Dear Community,
i would like to ask a more general question about exome sequencing, and mutation analysis. I have mainly analyzed transcriptomics data, so excuse me for any naive questions on this matter. I have some preliminary exome sequencing data (both fastq and bam files) from 3 patients:
in detail, i have for the same patients both whole exome sequencing data from CTCs (circulating tumor cells) and also exome sequencing data from biopsies of the same patients.
The main goal idea, is to find/identify if there are common mutational patterns (ie.SNPs) between circulating tumor cells and biopsies, which would be very vital for the time of diagnosis of the specific cancer, as also for the relative biological mechanisms, etc.

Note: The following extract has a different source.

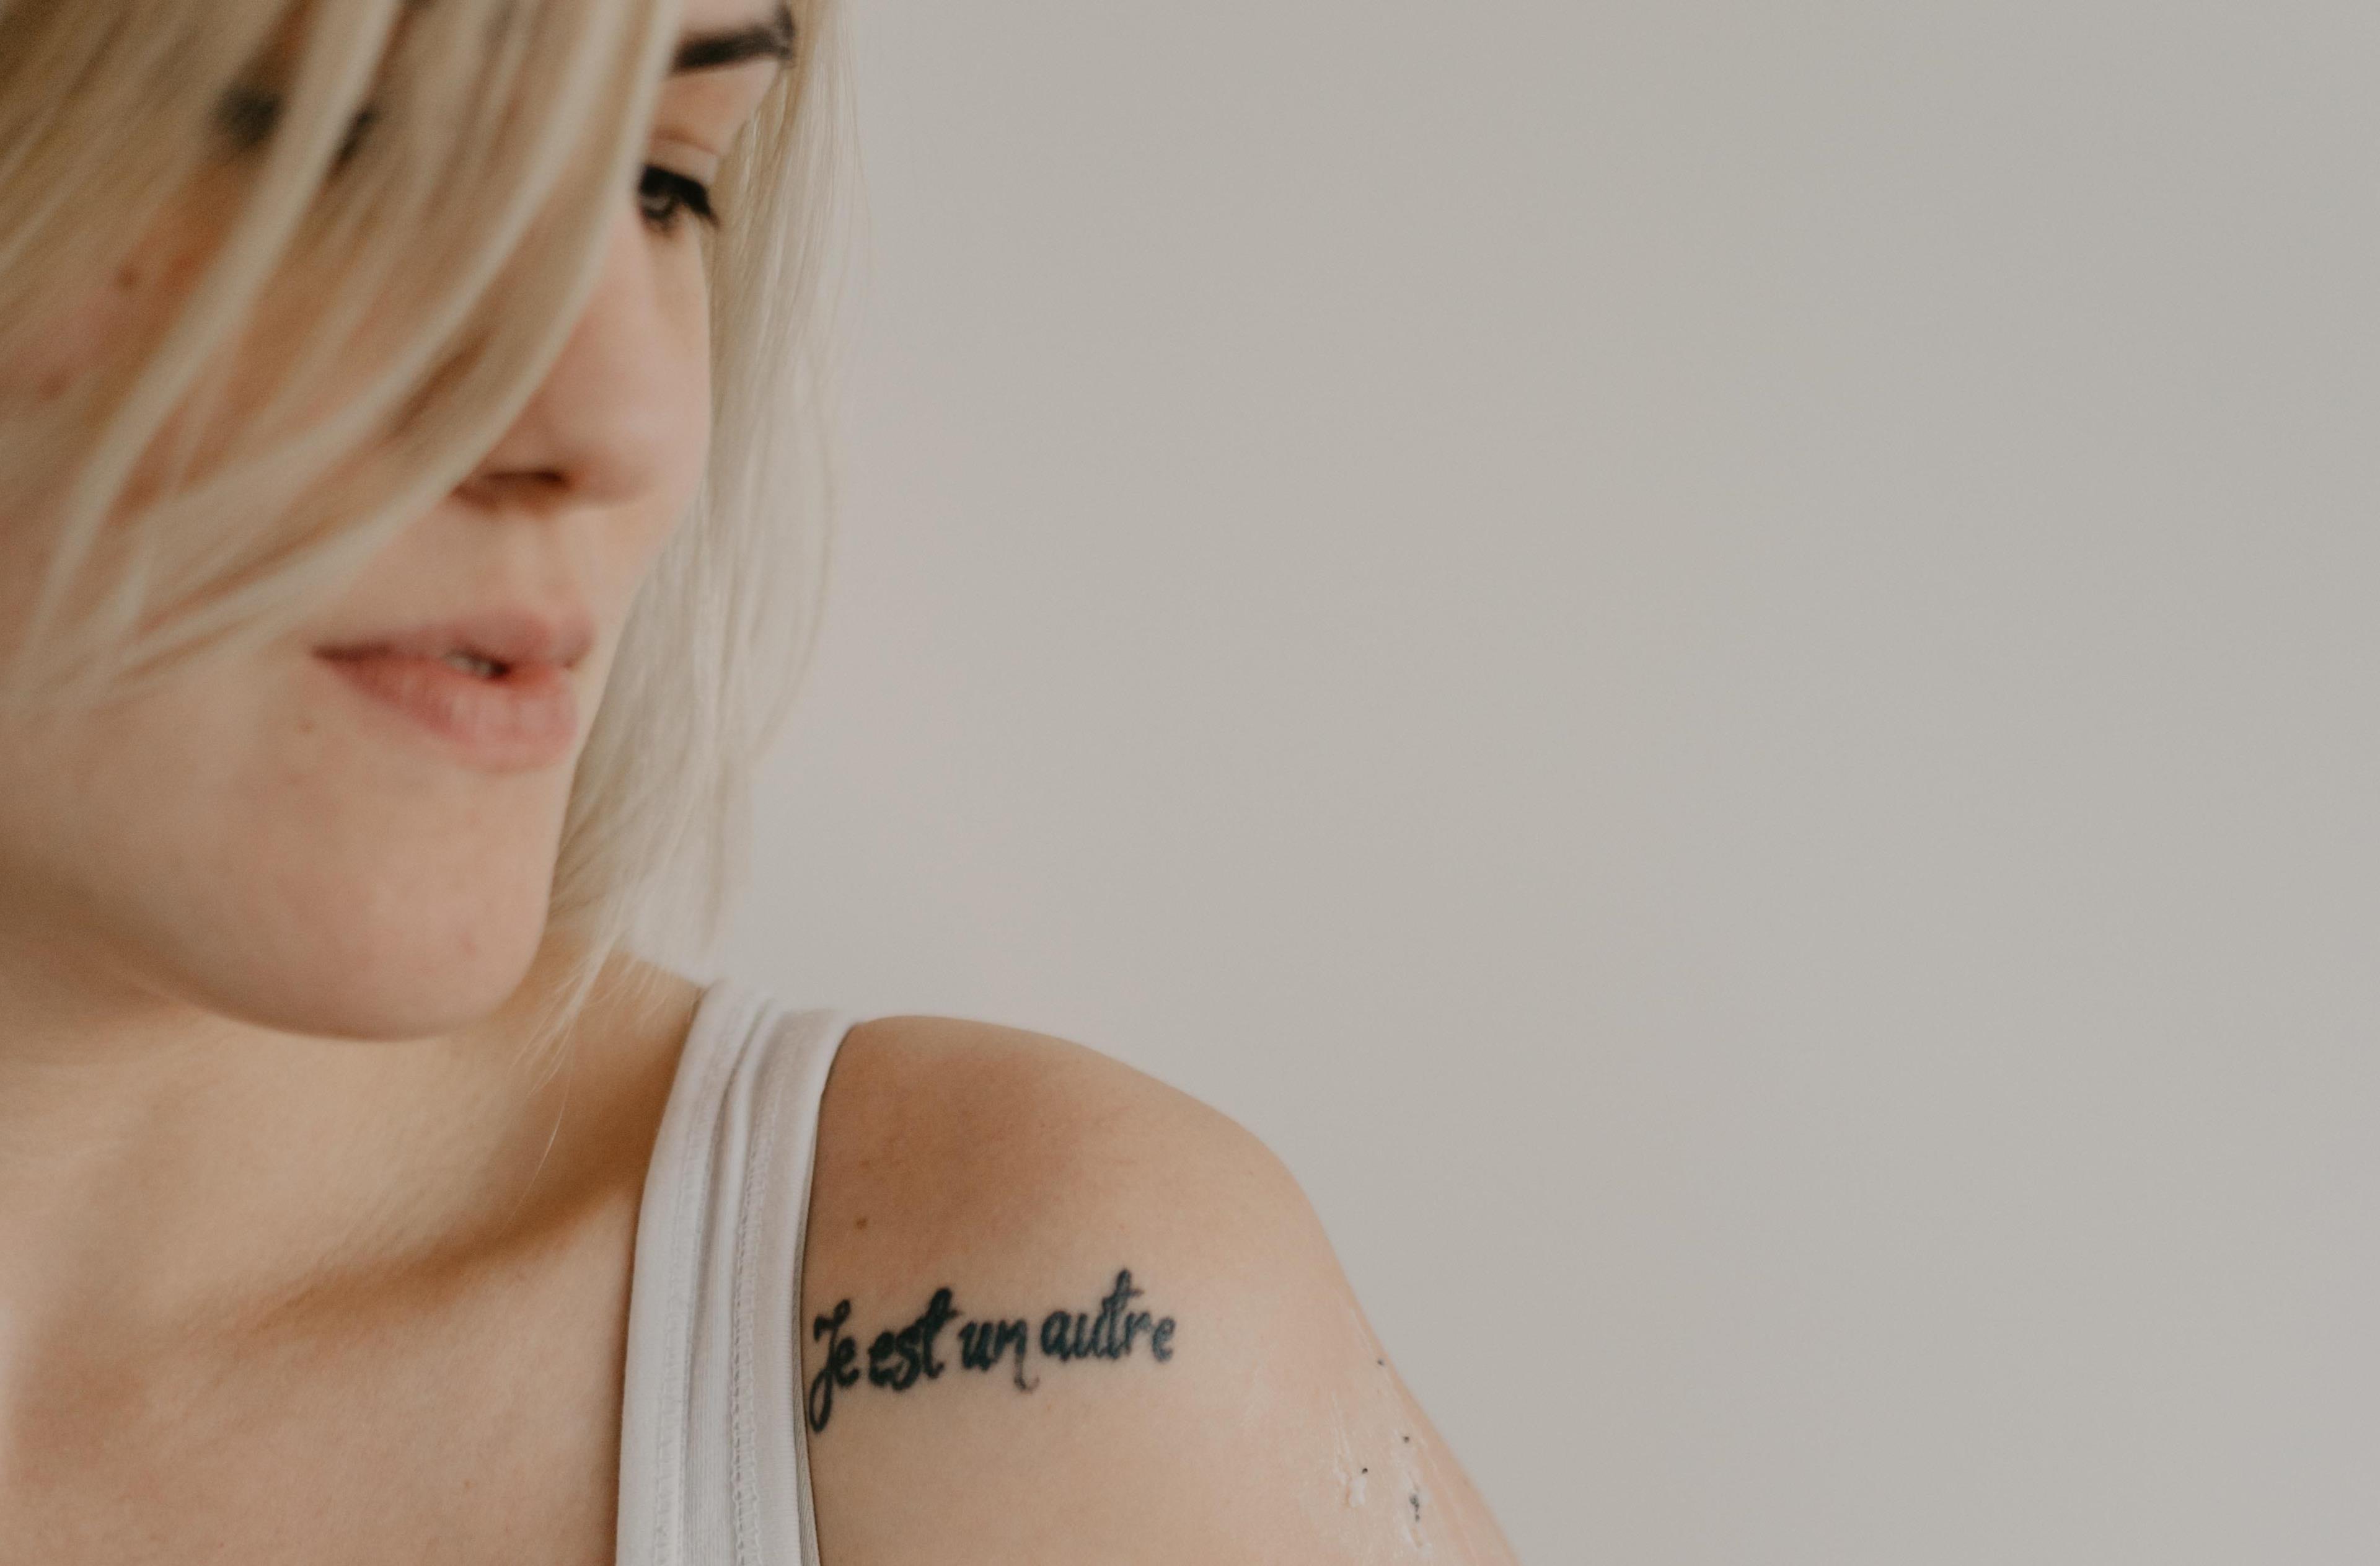 Tatuaggio donna con la frase Je est un autre

Perhaps an major issue is that there is no reference normal tissue (that probably limits the identification of somatic variants), as also the small number of patients-however, any ideas or suggestions about which tools or approaches i could implement for a putative variant annotation, or comparison, for this specific scenario ?
Thank you in advance,
Efstathios-Iason
About the somatic variants: you can annotate with ExAC (or other population databases) to remove "putative germline" from your analysis. There are plenty of suggestions on Biostars already. Second, depending on your scientific question, it might be sufficient to use the "tumor" as "normal" because you are particularly interested in the additional mutations. For example, a non-metastatic cancer become more likely to build metastatis after aquiring a SMAD4 mutation. If you are only interested in PrimaryTumor vs. CTC variant differences, this might be a possible way to go?
Dear Manuel,
thank you for your answer and suggestions-i will search in the forum for similar threads-actually, because both biopsies and circulating tumor cells were isolated from the same time of diagnosis-where the tumor has already spread due to its specific nature, so it is not definately primary in both-the main interest is to find common mutational patterns-if they could be identified due to general tumor heterogeneity- between these two types of samples
I agree, in that case you should not use tumor as normal. But than I would still go forward with calling mutations on all samples and removing everything found in population databases with decent frequency.